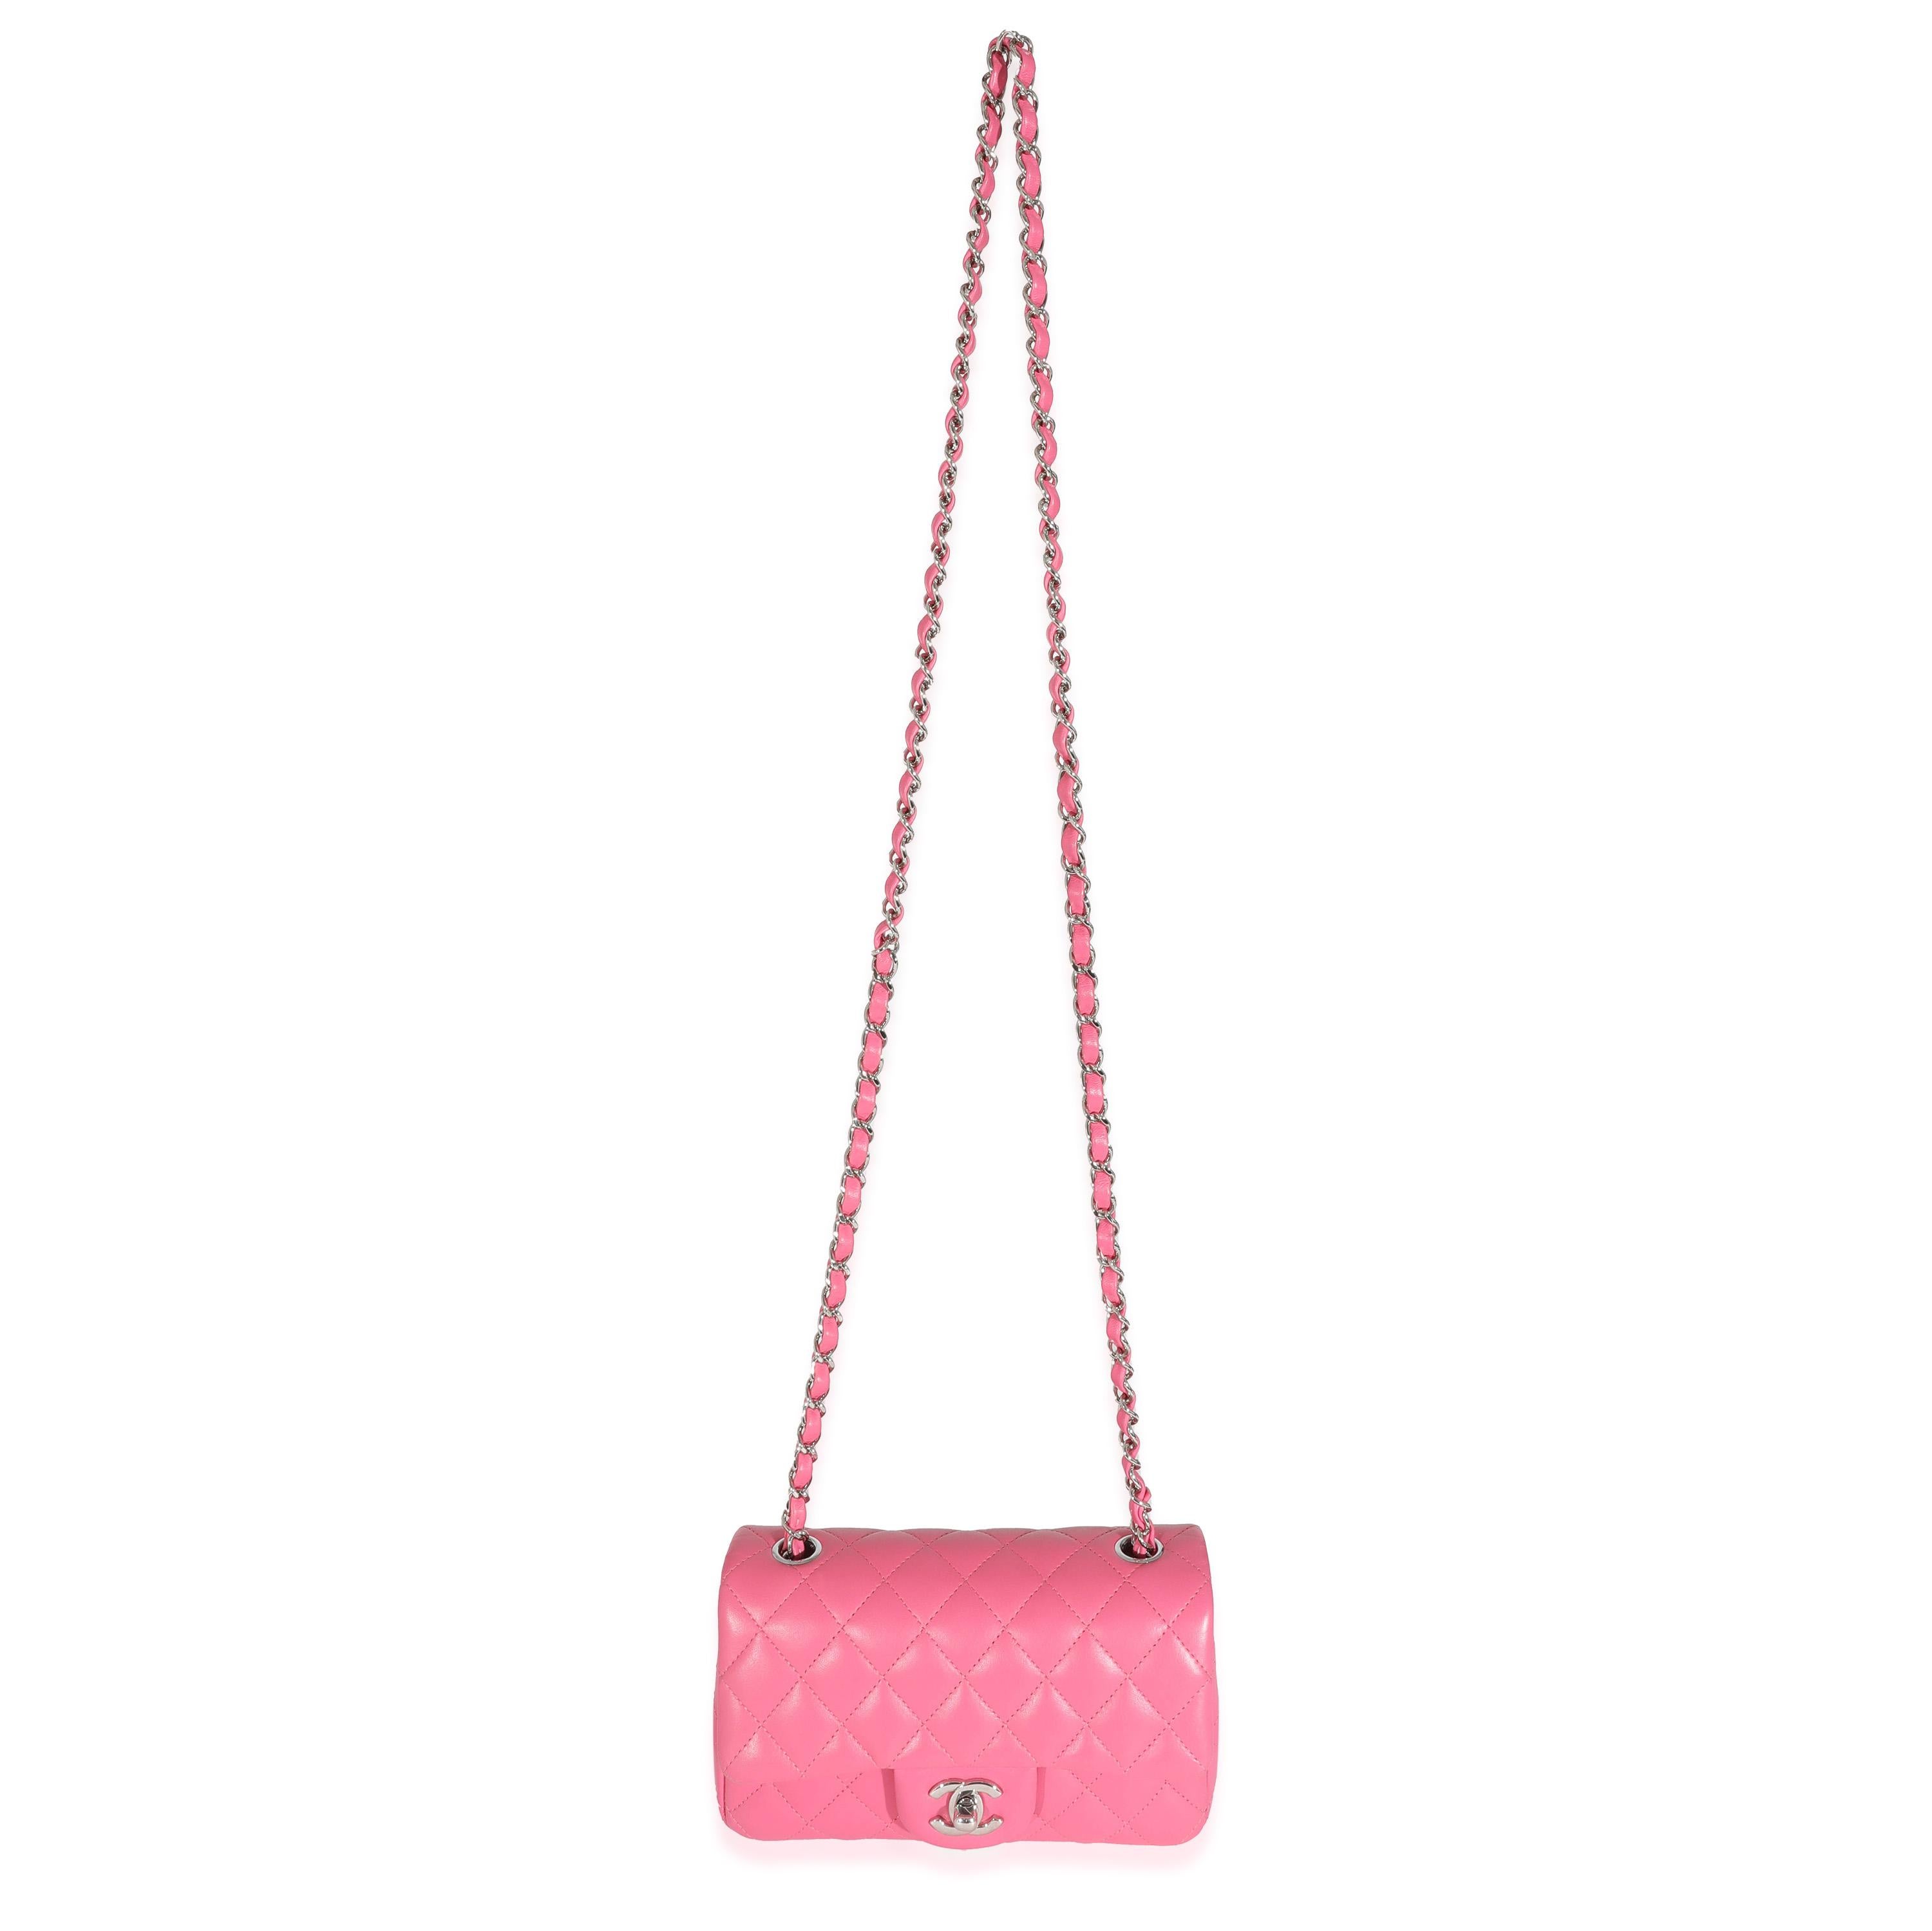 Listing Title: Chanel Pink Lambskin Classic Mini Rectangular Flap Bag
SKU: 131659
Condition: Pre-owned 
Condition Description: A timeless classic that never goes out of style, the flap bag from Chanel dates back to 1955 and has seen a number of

+ + + + +

* [Try it]: A word-for-word restatement of all the lines above is needed, with the pictures omitted.

* [Problem solution]:
 Listing Title: Chanel Pink Lambskin Classic Mini Rectangular Flap Bag
SKU: 131659
Condition: Pre-owned 
Condition Description: A timeless classic that never goes out of style, the flap bag from Chanel dates back to 1955 and has seen a number of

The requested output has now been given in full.